Drugs are classified in categories according to their effects. While we know what some of these are, the composition of others is yet to be found out. In the topic headed, “zina“, drugs are considered in categories with certain names according to their effects. For example, in this text, it is interesting to see that while astringent drugs were called “quvva-i kabîza” (astringent agents), they were also used externally to cure hair and skin diseases.
A complete criticism and evaluation of Ibn Sina’s medicine will be possible only when the ancient medical terminologies have been interpreted correctly and when their proper meaning is revealed.
4. Some definitions we come across in the topic “Ziynet” are worth noting in respect of their similarity with today’s medical knowledge. An example we can quote being the fact that Ibn Sina distinguished vitiligo from lepra.
The chapter “Ziynet” comprises of extremely interesting knowledge such as geophagia, an illness which is said to have been discovered and described in the 20th century, which we find clearly described by Ibn Sina approximately ten centuries before.
I will not quote any other examples in order to avoid over exhausting the subject. I do believe, however, that when one studies Ibn Sina’s Canon as well as the works of the other great scientists who contributed to ancient medicine attentively and patiently, changes should be brought about of our learning and knowledge in the field of the history and practices of ancient medicine.

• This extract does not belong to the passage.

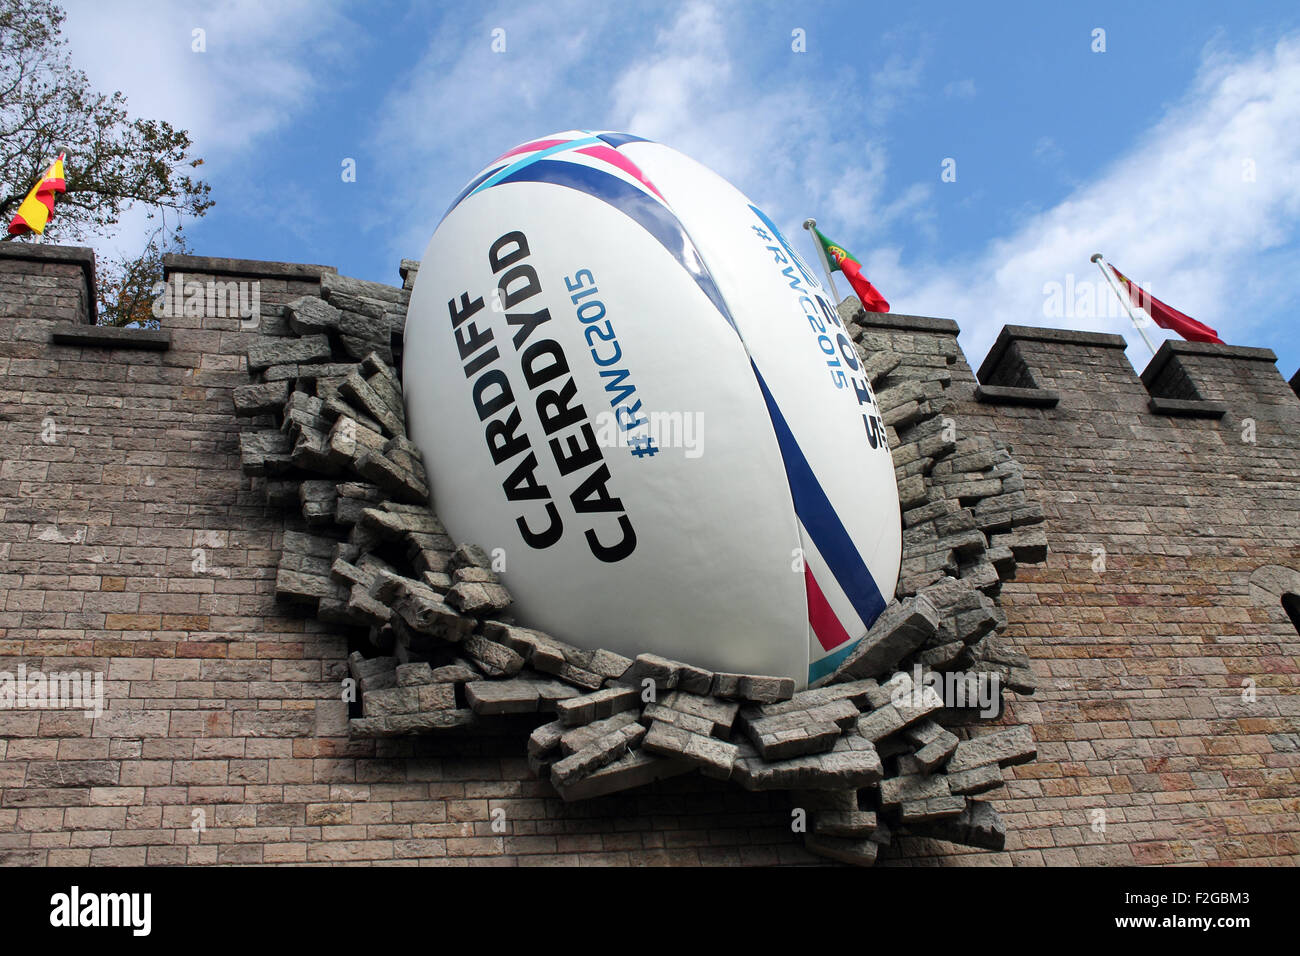 Ballon de rugby Géant écrase dans le château de Cardiff pour marquer le  début de la Coupe du Monde de Rugby 2015, le vendredi 18 septembre 2015  Photo Stock - Alamy

 Suleymaniye Kutuphanesi No. Hamidiye 1015.
 It was believed that stagnant water infects and contains parasites which are transmitted to people.

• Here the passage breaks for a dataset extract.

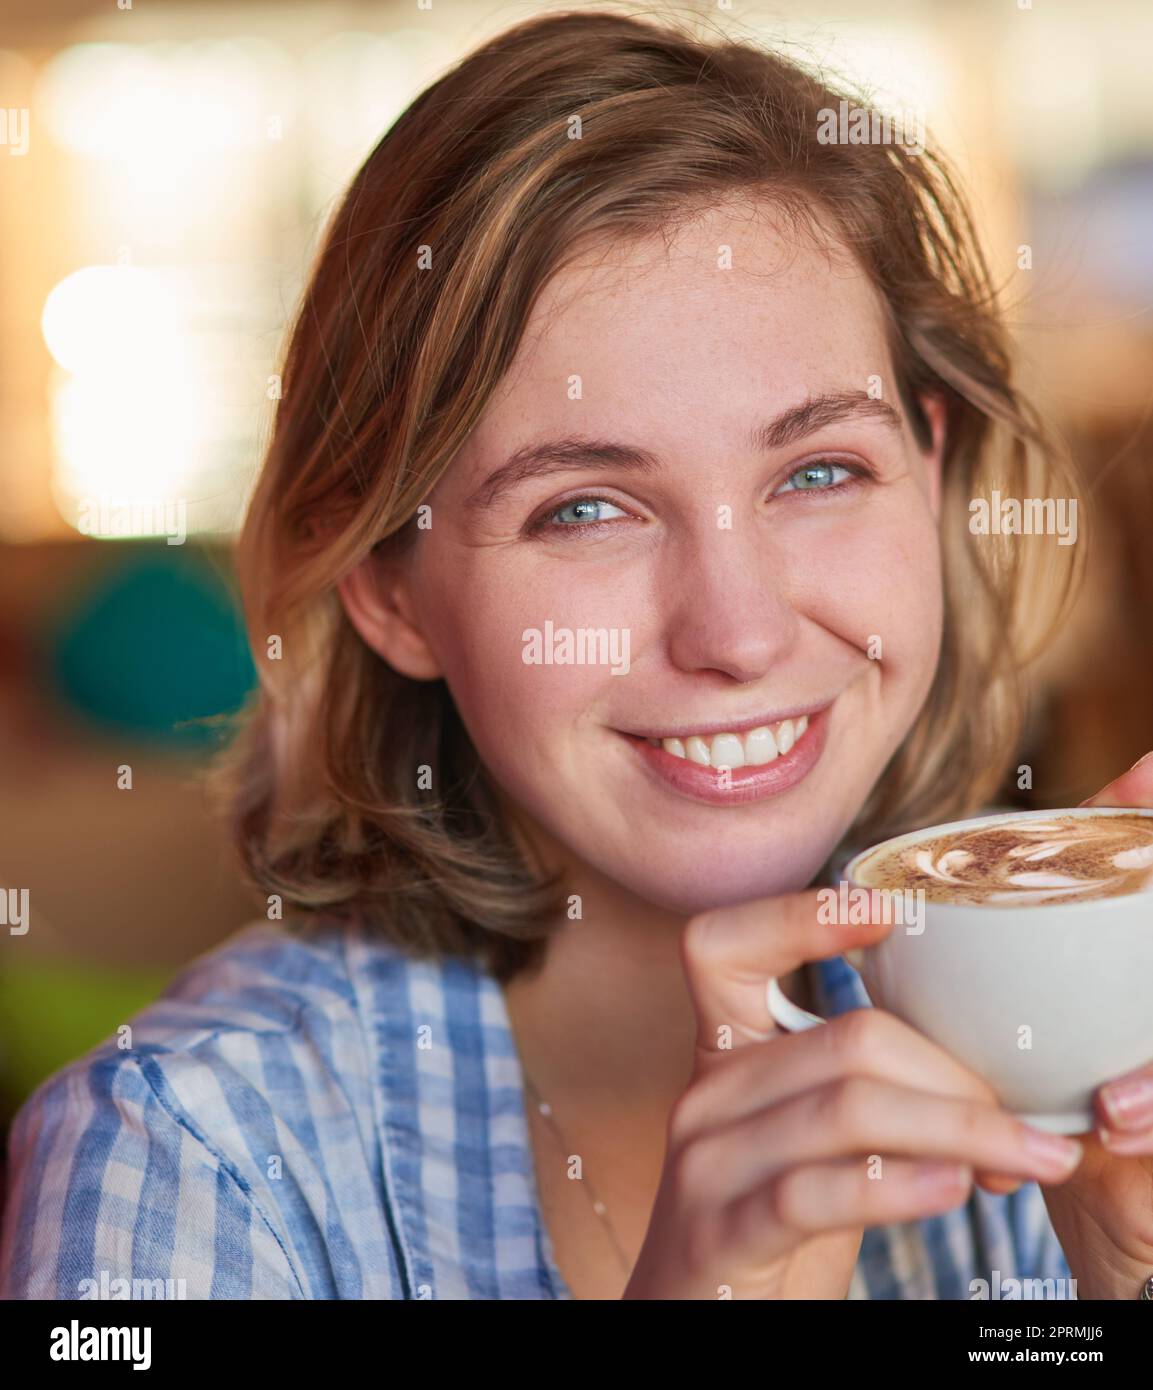 Les cappuccinos faits maison ont juste un meilleur goût. Une jeune femme heureuse de boire un cappuccino à la maison. Banque D'Images

 It can be assumed that habitual use of vinegar and cumin (kimyon) might fatigue the liver.
 Geophaigia was first described in Turkey by Muin Memduh Tayanc, in 1942 and knowledge in this field was improved by Prof. Reimann’s clinical and laboratory findings. See Orhan Ulutin: “A look at the Turkish Hematology in the 100th anniversary of Ataturk’s birth.” Cerrahpasa Tip Fakultesi Dergisi, vol. 12, June 1981 p. 258.
 As the term ruh is used for the celestial element which is the essence of life, it can also be valued as the “natural spirit” (tabi’i ruh) or the “vital spirit” (hayati ruh) of the “pneumatic theory.” On some occasions, the term ruh was then used to mean “vessel”.
 “Hushk-rishte” seems to have two meanings, the wound forming a crust or a kind of itch (uyuz) having dry pustules. As a term “husk” means “dry” and “rishte” means “Jigger”.
 See Nil Sari: Food in the Ottoman Palace, arranged according to the seasons and its relation with the medicine of the period. Symposium paper on the Turkish Kitchen. Ankara 1982, p. 246.
 As far as we now the “attractive force” (quvva-i câzibe), attracts the humours to the surface of the body.
*Professor Nil Sari, Ph. D., from Istanbul University, Cerrahpasa Medicine Faculty, Department of Deontology and History of Medicine, is a world expert scholar in the history of medicine, Islamic medicine and culture and Ottoman science and medicine. Professor Sari is also a key FSTC associate. This article was published at Acts of the International Symposium on Ibn Turk, Khwârazmî, Fârâbî, Beyrûnî and Ibn Sina (Ankara, 9-12 September 1985), Ankara 1990, pp. 351-367.